|
|
|
|
|
by textmode
2878 days ago
|
|
In processing HTML, XML or JSON with sed I have often used tr (e.g., delete newlines, add non-printable delimiter, then replace delimiter with newline) to reformat into sed-friendly input. However, an easy alternative to using tr for this is flex. As an example, below is a one-off/reusable HTML/XML reformatter in flex. This makes HTML/XML easier for me to read.

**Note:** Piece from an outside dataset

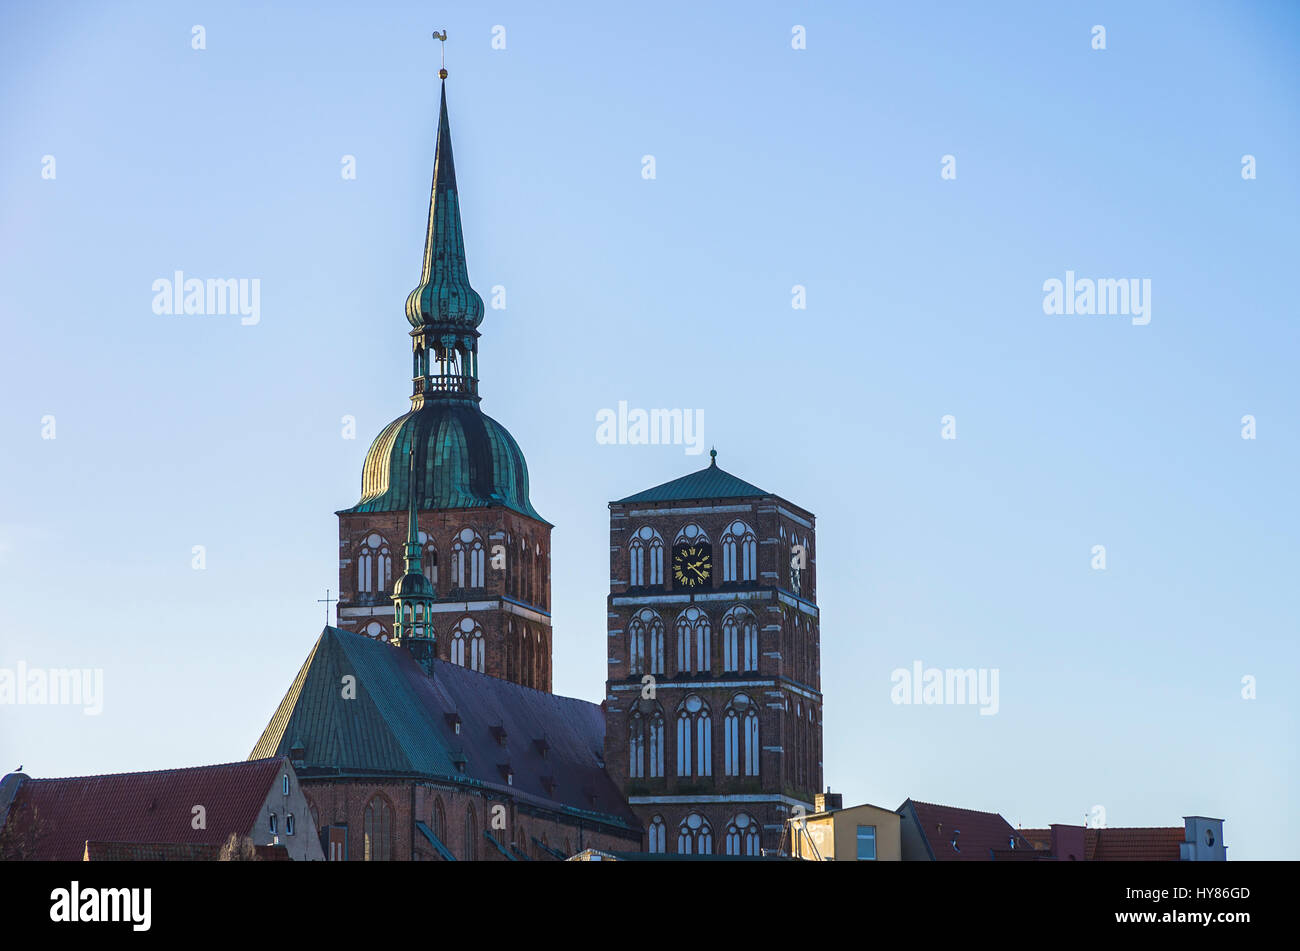 View of St. Nicholas' Church, Hanseatic City of Stralsund, Mecklenburg-Pomerania, Germany. Blick auf die Nikolaikirche, Hansestadt Stralsund, Mecklenb Stock Photo
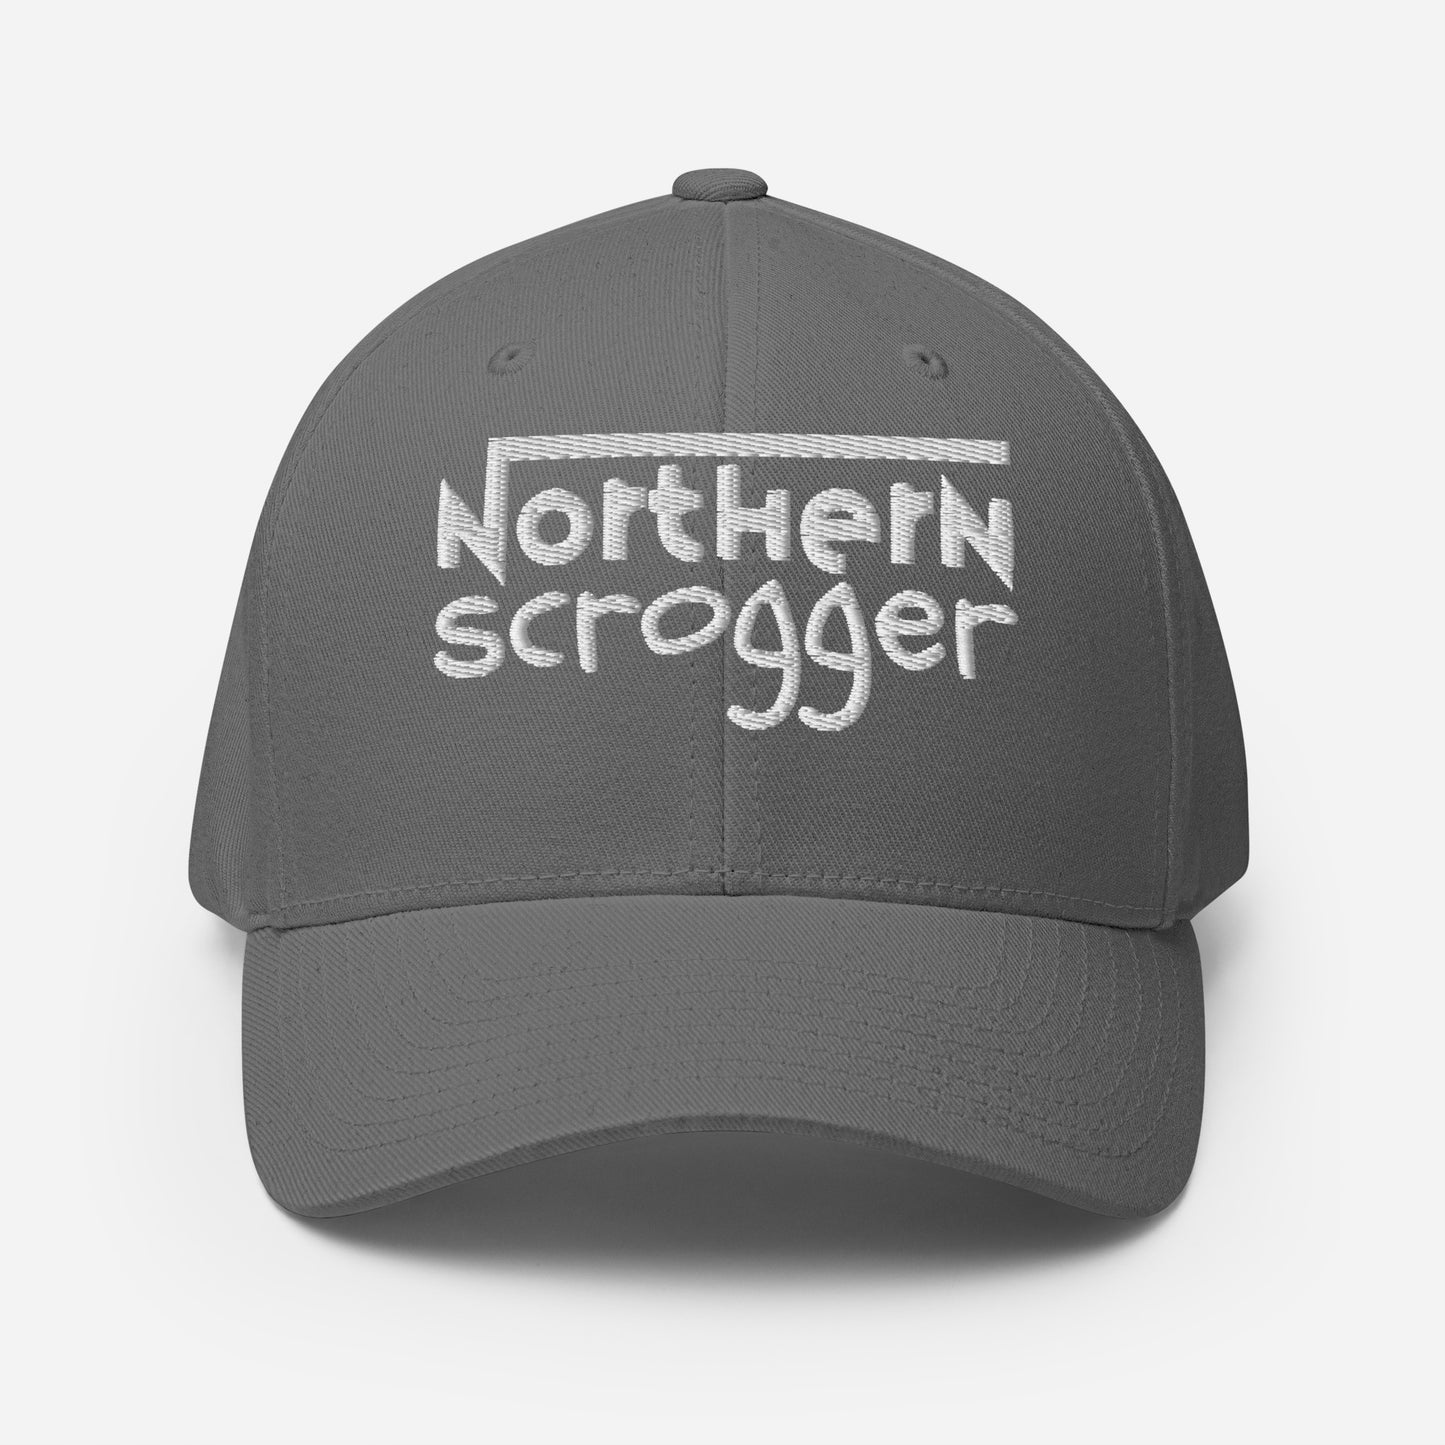 Northern Scrogger Discreet Logo- Flexfit hat

It also makes it very easy to process with sed and other line-based utilities. ftp -4o 1.xml http://web.archive.org/web/20130814000845/http://zombofant.net/blog/ |a.out |less
flex -8iCrfa 038.l
cc -static lex.yy.c
cat 038.l
#define echo ECHO
#define jmp BEGIN
#define nl putchar(10)
#define ind fputs("\40\40\40",stdout)
%s xa xb
xa \11|\40
%%
^\x0d\x0a jmp xb;
\<{xa}*script nl;ind;echo;jmp xa;
<xa>\<{xa}*\/script{xa}*\> echo;jmp xb;
<xa>{xa}{xa}* putchar(32);
<xa>. echo;
<xb>\< nl;ind;echo;
<xb>\> echo;
<xb>{xa}{xa}* putchar(32);
<xb>. echo;
.|\n
%%
int main(){ yylex();}
int yywrap(){ nl;}
|
|